Wednesday, 10 February 2010

Cramahe staff faces tough test

Department heads in Cramahe Township will need sharp pencils in the next three weeks.

Township Council took its first long look at the 2010 budget on February 9. If it were passed as it was presented, Cramahe taxpayers would be facing a 17% increase in the township portion of the tax levy. For a homeowner with a property valued by MPAC at $100,000 it would mean an increase of $140 and a total tax bill of close to $1,700 per year. Half of the total collected stays in the township. The totals do not include any increase in water or sewage treatment rates which are currently under study.

The projected increase was unacceptable to council and the heads have been sent back to find about $800,000 in cuts from a $4,957,405 budget. Last year the township budget was $3,906,787.

Council began the process on Tuesday with cuts to a several reserves of about $15,000, but it was clear from the tone of the meeting that this was only the beginning.

Residential taxpayers pay about 80% of the municipal tax. Farms and commercial establishments pay most of the rest.

The wish list presented to council would wipe out the work done by the township to bring its taxes more in line with other rural municipalities in Northumberland County. In 2009 is sat fourth out of eight in terms of taxes paid out by its residents on a $100,000 home. It was second highest among the rural municipalities, with only Trent Hillshigher. Residents in Port Hope’s Ward 1 paid the highest tax bills in 2009, almost 25% more than Cramahe residents. Port Hope’s Ward 2 had the lowest tax rate.

Cramahe’s tax rates have gone down 6.42% since 2002. Last year the rates dropped by over 7%. The county rates have risen by 14% in eight years. Councillor Ed Van Egmond advised council that taxpayers don't care what the mill rate is - they want to know how their taxes will change.

Cramahe Mayor Marc Coombs suggested that council would like to see a budget total of $4.1 million presented by staff when council next sits down to review the figures on March 2.

Some heads have already seen the writing on the wall. Community Services Director, Dan O’Brien proposed that council cut his new proposals in order to bring his totals close to last year’s.

It is uncertain what will happen in the Works Department where Director Barry Thrasher is leaving on February 19 to take a Deputy Director’s position with the Town of Cobourg.
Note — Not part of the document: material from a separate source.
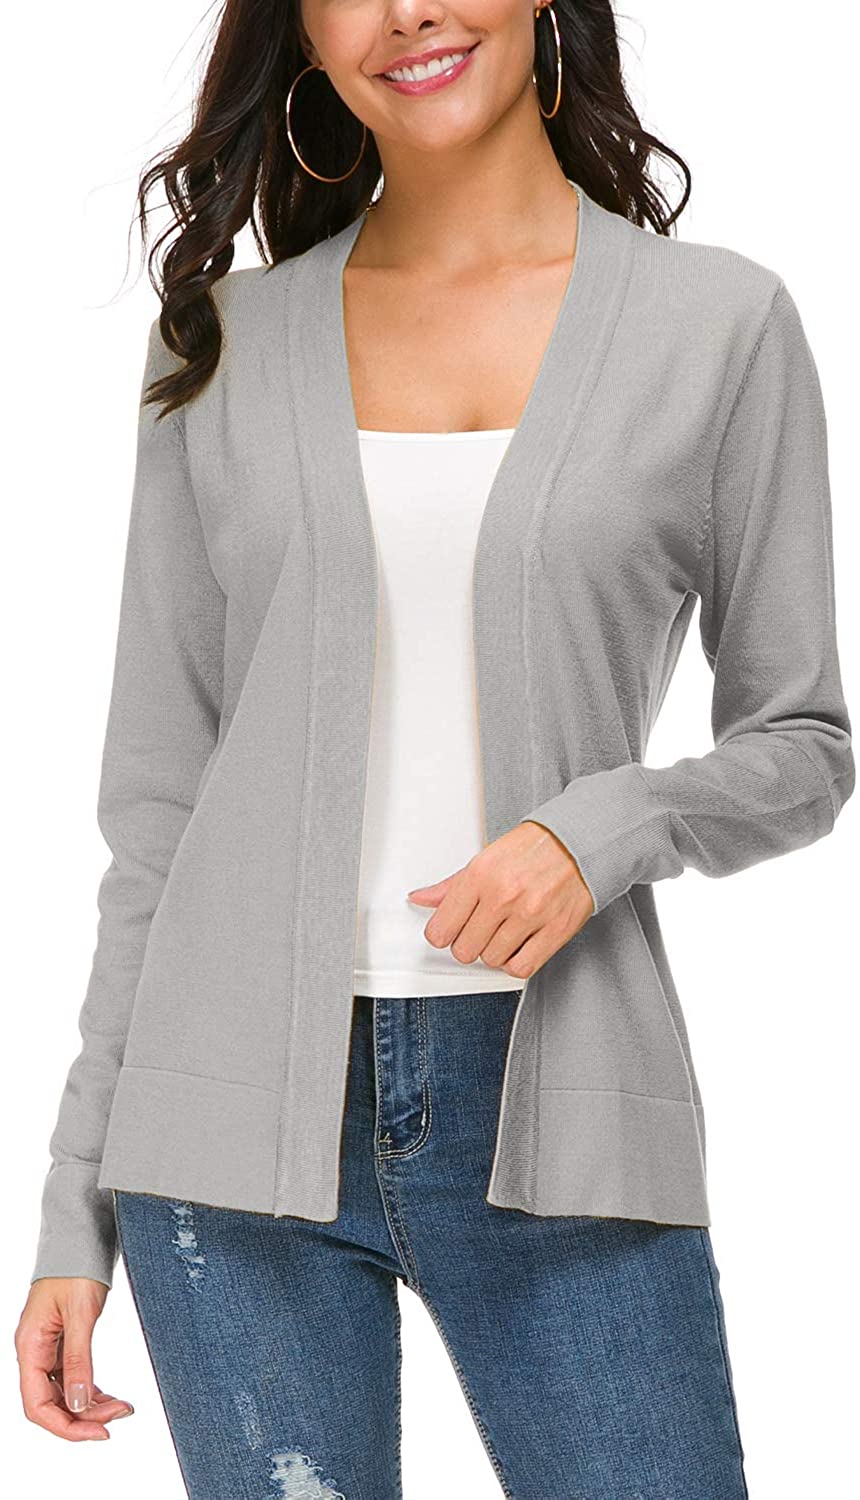 Urban CoCo Women's Long Sleeve Open Front Knit Cardigan Sweater | eBay

Once the township has brought its department budgets into line, it will see what it has left to grant to 15 agencies and groups who have made requests for funding.
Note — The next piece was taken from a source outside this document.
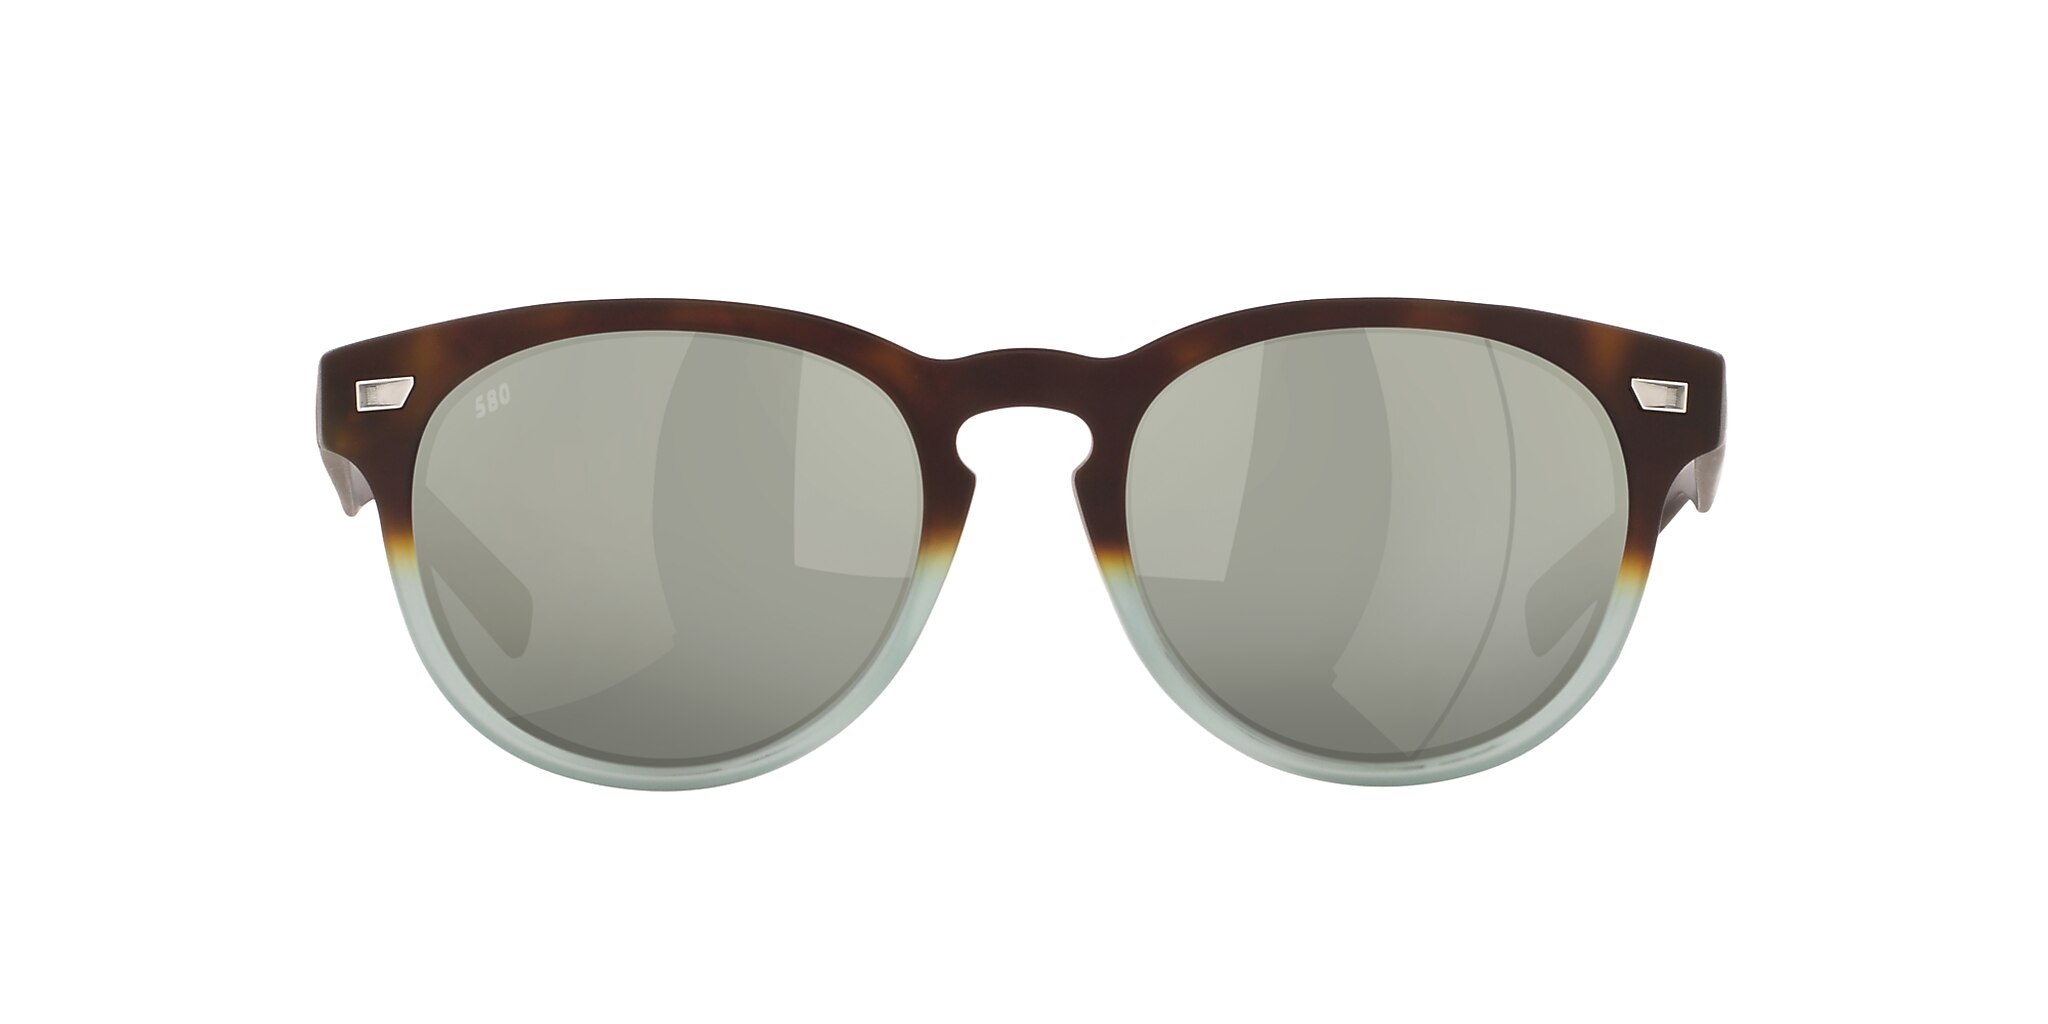 Del Mar Polarized Sunglasses in Gray Silver Mirror | Costa Del Mar®

Already a couple have been discarded. The county physician recruitment request for $17,000 is gone. Deputy Mayor Jim Williams agreed with a suggestion made by Mayor Coombs that a decision on a request for $30,000 by ENSS for a track and field renewal is premature.

Councillor Tim Gilligan launched a debate on the merits of using public funds to support private businesses. He pointed to the township support of the Auction Barn Jamboree. The township has paid for signs located at municipal boundaries to promote the annual country music jamboree.

Councillor Pat Westrope countered that there is a spin-off when 2,000 people visit the community. They purchase goods and services during their stay.